Valeria soltó una risa amarga.

—Crees que quedé entera. Solo aprendí a pararme más rápido que tú.

Leo desvió la mirada hacia la ventana. La lluvia comenzaba a golpear los vidrios con fuerza.

—A veces te envidio. No sé cómo hiciste para salir de ese caos y convertirte en algo más.

—A veces yo también me envidio. Hasta que vuelvo a casa y recuerdo que tengo una abuela enferma, una empresa tambaleante, y un apellido que no me abre puertas, sino que las cierra.

mi vida es un naufragio y estoy tratando de salir a flote.

Leo le tomó la mano, torpemente.

—No quiero pelear, Vale. No esta vez.

—Yo tampoco. Pero no sé si puedo verla. No sé si quiero verla.

—Te entiendo. Pero tal vez necesites hacerlo. Para soltarla… o para enfrentarla. Como sea, ella te va a buscar. No vino a desaparecer otra vez. Vino con una maleta y la cara de quien no tiene a dónde más ir.

Valeria se quedó en silencio. Algo en su pecho dolía. No por su madre. Por esa niña que aún vivía dentro de ella, esperando una disculpa. Un abrazo. Algo.

—¿Dónde está?

—En un hostal cerca del mercado central. No tiene ni un peso. Si no vas tú, voy a tener que llevarla a casa de la abuela.
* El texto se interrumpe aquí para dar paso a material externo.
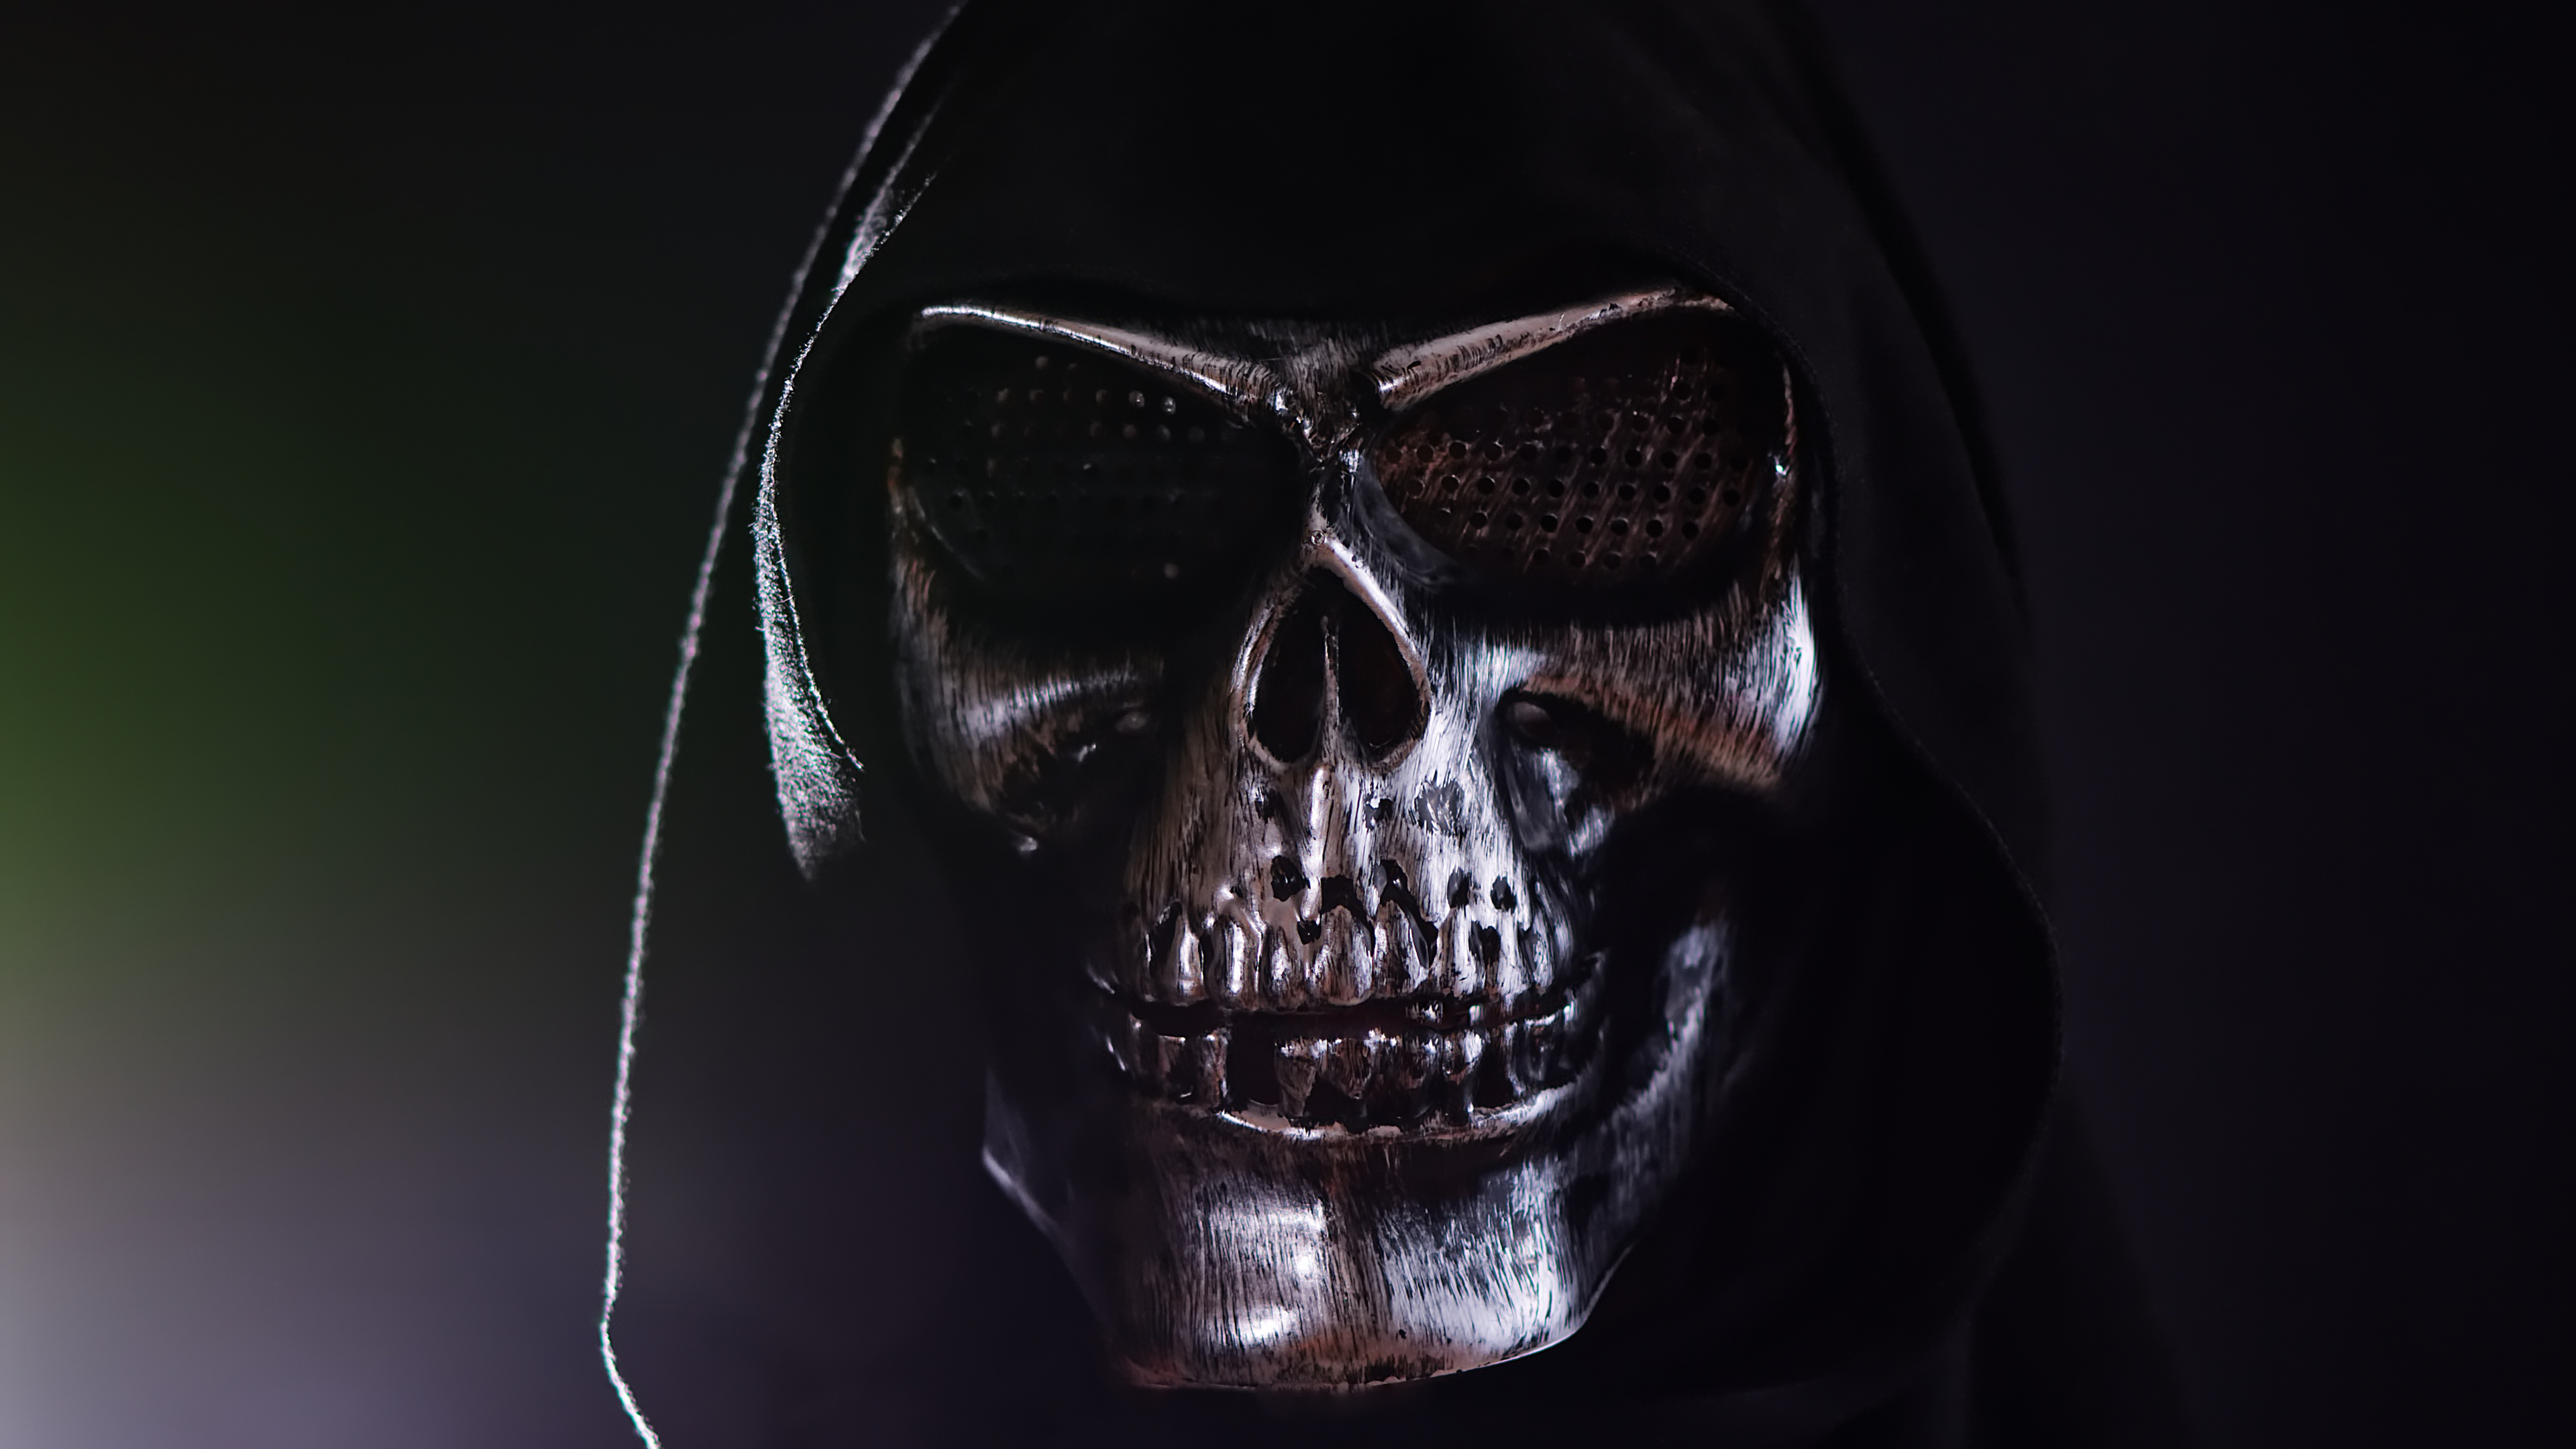 Masque de Crâne Noir et Argent. Wallpaper in 3840x2160 Resolution

Y sabes que eso no es opción.

Valeria asintió con los labios apretados.

—Iré mañana. Pero no prometo nada.

—Está bien.

Se quedaron así un momento. Dos hermanos que se parecían más de lo que creían, tratando de reconstruir una historia que nunca fue justa con ellos.

Y afuera, la ciudad seguía rugiendo. Como si nada de eso importara.